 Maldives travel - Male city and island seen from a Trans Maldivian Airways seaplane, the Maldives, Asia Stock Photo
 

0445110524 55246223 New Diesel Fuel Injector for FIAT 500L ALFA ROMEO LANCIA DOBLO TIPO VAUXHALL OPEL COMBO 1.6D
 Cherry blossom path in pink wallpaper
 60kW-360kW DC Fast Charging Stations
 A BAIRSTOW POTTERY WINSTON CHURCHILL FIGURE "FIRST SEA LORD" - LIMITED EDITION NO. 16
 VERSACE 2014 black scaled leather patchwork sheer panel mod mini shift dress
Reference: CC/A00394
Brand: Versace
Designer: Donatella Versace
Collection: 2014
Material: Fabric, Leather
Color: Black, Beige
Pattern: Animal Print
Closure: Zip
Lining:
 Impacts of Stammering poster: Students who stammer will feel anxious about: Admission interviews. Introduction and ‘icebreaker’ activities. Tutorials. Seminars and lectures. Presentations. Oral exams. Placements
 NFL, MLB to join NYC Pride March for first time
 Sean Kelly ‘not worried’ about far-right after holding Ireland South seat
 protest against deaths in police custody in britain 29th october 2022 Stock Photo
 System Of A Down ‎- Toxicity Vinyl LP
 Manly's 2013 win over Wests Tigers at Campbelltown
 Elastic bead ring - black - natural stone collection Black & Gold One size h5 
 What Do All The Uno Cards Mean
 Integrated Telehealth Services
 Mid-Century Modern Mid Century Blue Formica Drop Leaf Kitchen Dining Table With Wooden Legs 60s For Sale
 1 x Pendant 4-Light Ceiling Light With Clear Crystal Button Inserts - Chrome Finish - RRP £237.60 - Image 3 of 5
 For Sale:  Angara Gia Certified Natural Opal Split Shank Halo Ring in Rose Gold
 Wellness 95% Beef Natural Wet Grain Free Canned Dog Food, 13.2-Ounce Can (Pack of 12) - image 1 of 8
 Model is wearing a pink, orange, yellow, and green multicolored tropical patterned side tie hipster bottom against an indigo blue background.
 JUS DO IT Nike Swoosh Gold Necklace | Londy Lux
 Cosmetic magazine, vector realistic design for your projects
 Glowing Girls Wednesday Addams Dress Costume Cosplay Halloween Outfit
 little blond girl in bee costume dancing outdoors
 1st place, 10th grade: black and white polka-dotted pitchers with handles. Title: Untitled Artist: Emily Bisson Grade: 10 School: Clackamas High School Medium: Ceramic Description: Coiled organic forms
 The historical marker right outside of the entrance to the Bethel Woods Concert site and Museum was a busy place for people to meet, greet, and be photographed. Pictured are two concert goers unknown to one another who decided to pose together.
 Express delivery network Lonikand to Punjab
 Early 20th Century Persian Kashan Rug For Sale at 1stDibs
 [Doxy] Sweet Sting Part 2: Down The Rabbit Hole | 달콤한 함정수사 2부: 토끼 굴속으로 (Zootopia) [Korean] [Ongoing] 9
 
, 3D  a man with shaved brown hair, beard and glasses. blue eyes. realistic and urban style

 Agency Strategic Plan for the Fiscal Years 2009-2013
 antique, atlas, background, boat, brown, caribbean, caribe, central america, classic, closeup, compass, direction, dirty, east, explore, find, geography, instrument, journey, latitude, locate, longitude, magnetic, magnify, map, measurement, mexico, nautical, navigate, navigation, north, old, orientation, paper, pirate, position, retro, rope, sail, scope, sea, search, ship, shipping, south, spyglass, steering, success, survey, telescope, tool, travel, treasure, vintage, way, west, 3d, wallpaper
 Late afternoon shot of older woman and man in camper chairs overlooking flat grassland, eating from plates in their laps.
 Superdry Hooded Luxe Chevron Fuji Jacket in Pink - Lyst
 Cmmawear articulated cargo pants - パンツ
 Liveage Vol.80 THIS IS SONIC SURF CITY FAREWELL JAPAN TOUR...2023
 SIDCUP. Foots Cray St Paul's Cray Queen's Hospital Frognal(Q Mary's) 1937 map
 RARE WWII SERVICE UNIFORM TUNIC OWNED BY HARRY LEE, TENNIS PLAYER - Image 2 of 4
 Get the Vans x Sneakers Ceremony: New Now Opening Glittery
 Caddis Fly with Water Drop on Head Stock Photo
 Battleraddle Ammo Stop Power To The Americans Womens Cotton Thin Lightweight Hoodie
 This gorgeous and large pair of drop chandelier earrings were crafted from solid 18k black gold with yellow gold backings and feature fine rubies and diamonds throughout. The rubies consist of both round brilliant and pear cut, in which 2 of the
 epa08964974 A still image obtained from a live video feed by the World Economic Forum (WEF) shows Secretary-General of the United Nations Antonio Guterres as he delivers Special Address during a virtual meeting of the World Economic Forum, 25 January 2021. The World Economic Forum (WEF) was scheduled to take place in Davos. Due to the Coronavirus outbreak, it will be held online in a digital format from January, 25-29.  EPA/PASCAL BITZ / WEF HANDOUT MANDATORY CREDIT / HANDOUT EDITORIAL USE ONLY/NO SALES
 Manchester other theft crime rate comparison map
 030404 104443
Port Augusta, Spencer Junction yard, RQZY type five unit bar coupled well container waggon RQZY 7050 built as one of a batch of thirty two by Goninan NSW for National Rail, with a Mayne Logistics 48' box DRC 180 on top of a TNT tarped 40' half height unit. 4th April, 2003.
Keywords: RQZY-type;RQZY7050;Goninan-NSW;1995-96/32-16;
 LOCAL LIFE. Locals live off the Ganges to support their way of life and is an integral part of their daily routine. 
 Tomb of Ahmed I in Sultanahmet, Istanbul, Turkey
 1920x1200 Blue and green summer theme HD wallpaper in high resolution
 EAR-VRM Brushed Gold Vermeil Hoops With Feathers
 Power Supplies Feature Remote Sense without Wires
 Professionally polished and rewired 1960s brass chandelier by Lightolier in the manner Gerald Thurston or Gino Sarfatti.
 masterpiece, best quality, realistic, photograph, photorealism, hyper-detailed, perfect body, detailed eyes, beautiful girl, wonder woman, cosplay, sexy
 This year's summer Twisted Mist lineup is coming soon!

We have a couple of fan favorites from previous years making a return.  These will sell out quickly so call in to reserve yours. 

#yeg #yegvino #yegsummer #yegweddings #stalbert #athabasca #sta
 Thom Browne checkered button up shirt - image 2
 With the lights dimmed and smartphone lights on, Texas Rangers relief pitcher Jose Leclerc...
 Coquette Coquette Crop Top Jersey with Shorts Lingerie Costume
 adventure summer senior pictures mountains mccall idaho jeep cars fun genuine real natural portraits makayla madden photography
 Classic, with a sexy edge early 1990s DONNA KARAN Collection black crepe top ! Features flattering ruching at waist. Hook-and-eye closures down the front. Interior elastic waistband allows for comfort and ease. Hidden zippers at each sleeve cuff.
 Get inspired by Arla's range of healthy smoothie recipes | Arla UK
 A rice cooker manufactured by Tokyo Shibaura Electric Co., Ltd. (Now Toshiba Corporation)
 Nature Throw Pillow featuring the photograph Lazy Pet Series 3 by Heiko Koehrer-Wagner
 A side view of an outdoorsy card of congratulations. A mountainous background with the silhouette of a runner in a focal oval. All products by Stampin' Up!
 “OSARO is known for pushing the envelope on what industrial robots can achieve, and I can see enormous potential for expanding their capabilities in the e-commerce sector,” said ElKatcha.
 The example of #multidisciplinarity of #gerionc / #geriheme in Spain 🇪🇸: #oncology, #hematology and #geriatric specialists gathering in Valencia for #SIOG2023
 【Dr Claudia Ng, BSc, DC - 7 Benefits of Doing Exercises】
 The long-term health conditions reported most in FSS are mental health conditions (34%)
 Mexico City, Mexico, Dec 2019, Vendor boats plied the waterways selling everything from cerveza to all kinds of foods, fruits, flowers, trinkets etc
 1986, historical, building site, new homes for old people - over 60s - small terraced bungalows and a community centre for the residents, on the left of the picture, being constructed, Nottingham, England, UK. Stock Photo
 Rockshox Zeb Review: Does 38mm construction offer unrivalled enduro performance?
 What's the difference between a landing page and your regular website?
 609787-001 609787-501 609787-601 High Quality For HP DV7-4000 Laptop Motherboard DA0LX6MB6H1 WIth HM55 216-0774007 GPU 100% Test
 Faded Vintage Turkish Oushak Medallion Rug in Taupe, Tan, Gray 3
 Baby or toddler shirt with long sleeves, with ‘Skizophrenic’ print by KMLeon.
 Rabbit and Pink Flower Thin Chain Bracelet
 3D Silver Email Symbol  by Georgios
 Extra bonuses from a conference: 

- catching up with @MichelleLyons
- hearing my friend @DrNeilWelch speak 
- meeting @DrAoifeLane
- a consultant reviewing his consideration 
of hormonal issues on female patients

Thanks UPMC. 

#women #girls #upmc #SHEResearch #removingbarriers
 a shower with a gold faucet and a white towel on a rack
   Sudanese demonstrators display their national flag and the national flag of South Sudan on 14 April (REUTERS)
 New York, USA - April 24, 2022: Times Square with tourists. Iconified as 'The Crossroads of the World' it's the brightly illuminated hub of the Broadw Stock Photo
++++++
### WHAT THIS TASK INVOLVES
Exactly as they appear, retype the lines from the start of the records through the line containing "A BAIRSTOW POTTERY".

### TASK ANSWER
 Maldives travel - Male city and island seen from a Trans Maldivian Airways seaplane, the Maldives, Asia Stock Photo
 

0445110524 55246223 New Diesel Fuel Injector for FIAT 500L ALFA ROMEO LANCIA DOBLO TIPO VAUXHALL OPEL COMBO 1.6D
 Cherry blossom path in pink wallpaper
 60kW-360kW DC Fast Charging Stations
 A BAIRSTOW POTTERY WINSTON CHURCHILL FIGURE "FIRST SEA LORD" - LIMITED EDITION NO. 16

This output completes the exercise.